My teacher, Peter owls, of Cefymed throughout the course of Introduction to Community Mediation has been kind enough to open doors intellectuals. For several weeks I absorbed like a sponge, a series of lessons that probably had for years just paying attention, but today, with current maturity and humility to accept the shortcomings that life shows me have been weekly gems that enshrine to form a gem of great value.
Perhaps the most important lesson has been that of today because after four hours that after studying Future Workshops, I have extracted the following thoughts:
Today most people have no direct ability to make decisions that affect them. They are the politicians we voted - or not - large corporations, experts who design our lives, work, our environment. And yet, it is possible that critical mass, silent, take the word and partnerships and platforms around to assume its place of power. A power understood as the exercise of sharing his ideas, proposals, your needs and take to the arena of public response.
Has nothing to do with the disenchantment of a particular situation, the present, but in 1952 Robert Jungk published a book "The future has already begun" in which the author relates how modern societies - we are talking about half the last century - notes and dysfunction between the political and social demands.
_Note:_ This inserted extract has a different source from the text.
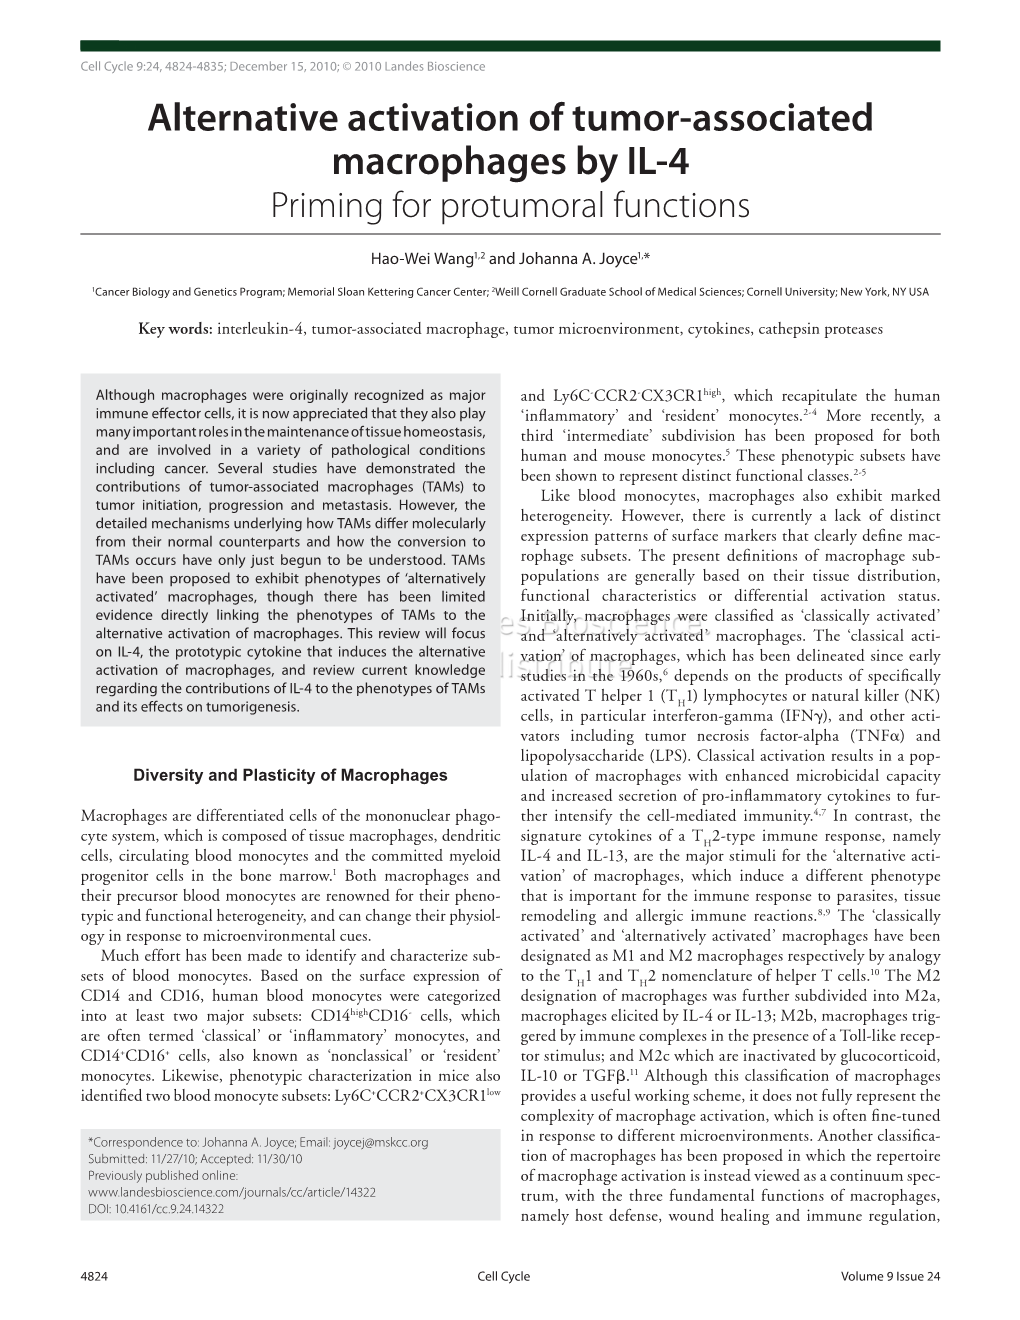 Alternative Activation of Tumor-Associated Macrophages by IL-4 Priming for Protumoral Functions

Later, other authors
address the same subject, although Jungk who poses as the company essentially has to enjoy a new democracy, actively participating in political decisions based on equality. In 1981, the twenty-first century, published jointly with NR Müllert a methodology for carrying out this "re-democratization" if the term exists. Is titled "The workshops of the future, ways to revive democracy."
is to create a laboratory of ideas, where citizens committed to propose and design alternative futures. The experiences, the wisdom of the people, the wildest ideas, utopias and realism we study to become strong and valuable contributions possible to realize a well-structured, solid and concrete.